▶ **To do**
Please show all lines of the records that include "Royal".

■ ■ ■ ■ ■

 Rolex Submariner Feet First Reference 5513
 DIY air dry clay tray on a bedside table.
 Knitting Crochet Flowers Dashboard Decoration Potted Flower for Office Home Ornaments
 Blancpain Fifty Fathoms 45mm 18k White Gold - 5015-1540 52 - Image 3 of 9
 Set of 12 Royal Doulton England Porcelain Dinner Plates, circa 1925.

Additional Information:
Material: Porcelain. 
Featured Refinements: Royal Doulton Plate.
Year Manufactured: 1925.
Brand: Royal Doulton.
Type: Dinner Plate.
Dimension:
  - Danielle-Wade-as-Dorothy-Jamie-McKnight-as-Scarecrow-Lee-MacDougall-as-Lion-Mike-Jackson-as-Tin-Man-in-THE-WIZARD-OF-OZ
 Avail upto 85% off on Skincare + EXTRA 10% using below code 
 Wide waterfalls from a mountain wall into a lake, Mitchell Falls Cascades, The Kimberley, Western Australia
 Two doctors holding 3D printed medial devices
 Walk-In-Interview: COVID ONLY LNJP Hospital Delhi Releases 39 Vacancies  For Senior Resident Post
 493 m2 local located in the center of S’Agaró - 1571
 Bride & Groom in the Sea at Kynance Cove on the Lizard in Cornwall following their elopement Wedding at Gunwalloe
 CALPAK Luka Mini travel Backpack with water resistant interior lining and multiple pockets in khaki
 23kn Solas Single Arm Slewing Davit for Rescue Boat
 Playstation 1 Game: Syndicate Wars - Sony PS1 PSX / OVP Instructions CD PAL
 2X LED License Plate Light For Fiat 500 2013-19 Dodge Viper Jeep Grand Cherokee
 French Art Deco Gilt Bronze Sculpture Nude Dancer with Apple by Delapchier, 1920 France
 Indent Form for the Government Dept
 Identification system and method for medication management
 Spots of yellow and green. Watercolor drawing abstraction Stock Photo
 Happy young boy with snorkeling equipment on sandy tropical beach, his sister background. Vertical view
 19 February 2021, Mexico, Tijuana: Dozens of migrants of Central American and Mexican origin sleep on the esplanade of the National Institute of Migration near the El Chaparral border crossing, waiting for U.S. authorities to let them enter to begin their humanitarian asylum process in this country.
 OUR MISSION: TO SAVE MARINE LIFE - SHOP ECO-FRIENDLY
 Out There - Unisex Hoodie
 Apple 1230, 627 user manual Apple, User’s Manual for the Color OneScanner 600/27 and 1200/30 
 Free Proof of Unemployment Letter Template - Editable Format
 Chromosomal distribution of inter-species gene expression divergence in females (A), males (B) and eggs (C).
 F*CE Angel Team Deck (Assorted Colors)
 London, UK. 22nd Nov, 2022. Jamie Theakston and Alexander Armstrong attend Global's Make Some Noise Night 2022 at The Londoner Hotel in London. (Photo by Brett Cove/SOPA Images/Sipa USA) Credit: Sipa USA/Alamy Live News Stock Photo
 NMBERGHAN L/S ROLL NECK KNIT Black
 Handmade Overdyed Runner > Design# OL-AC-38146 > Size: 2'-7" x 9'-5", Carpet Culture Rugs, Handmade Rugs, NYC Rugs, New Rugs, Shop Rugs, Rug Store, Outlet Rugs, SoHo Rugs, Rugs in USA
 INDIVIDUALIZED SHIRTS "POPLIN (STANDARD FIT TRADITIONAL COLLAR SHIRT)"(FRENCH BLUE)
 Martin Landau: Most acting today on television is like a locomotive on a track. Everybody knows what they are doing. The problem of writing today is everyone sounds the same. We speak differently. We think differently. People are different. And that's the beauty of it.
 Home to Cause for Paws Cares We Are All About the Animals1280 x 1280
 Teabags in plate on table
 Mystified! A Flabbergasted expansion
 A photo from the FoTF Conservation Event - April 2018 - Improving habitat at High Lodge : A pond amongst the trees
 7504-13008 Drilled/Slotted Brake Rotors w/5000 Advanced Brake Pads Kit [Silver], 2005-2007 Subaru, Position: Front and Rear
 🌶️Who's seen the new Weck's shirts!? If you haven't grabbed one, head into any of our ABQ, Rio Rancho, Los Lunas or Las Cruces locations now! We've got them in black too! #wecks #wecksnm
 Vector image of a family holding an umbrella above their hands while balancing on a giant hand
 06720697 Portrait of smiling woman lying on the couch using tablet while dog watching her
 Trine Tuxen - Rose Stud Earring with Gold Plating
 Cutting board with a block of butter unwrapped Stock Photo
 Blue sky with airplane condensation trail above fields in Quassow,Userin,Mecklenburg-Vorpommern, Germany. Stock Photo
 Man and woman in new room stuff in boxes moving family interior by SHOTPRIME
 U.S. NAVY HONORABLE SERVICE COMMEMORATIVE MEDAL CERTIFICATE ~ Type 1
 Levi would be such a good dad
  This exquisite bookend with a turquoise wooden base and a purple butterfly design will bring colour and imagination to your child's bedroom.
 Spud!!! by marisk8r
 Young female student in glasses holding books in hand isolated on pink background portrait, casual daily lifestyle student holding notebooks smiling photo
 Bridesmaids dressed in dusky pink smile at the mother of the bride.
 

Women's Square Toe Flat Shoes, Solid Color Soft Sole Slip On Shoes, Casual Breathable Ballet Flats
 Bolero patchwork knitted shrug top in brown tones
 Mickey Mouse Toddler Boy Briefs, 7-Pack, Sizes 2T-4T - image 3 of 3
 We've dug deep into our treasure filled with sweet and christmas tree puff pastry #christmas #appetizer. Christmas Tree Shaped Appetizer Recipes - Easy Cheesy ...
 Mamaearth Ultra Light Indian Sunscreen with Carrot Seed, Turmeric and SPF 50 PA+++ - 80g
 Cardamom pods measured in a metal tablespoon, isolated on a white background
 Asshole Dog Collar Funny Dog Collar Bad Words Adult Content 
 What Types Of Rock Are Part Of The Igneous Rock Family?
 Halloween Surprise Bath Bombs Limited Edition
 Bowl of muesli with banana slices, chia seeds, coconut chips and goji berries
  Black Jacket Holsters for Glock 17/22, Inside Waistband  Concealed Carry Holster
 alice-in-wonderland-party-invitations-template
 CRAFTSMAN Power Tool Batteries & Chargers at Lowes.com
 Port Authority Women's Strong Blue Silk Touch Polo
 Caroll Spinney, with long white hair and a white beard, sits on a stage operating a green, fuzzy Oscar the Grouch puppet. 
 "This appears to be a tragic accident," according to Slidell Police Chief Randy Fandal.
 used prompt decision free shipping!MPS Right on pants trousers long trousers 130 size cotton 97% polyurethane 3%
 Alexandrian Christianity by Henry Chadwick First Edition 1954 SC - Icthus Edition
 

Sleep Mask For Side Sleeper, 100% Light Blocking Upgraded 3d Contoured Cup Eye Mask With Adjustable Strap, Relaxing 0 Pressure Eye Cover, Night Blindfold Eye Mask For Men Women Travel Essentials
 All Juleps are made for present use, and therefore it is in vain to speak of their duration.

■ ■ ■ ■ ■

▶ **Solution to the exercise**
 Set of 12 Royal Doulton England Porcelain Dinner Plates, circa 1925.
Featured Refinements: Royal Doulton Plate.
Brand: Royal Doulton.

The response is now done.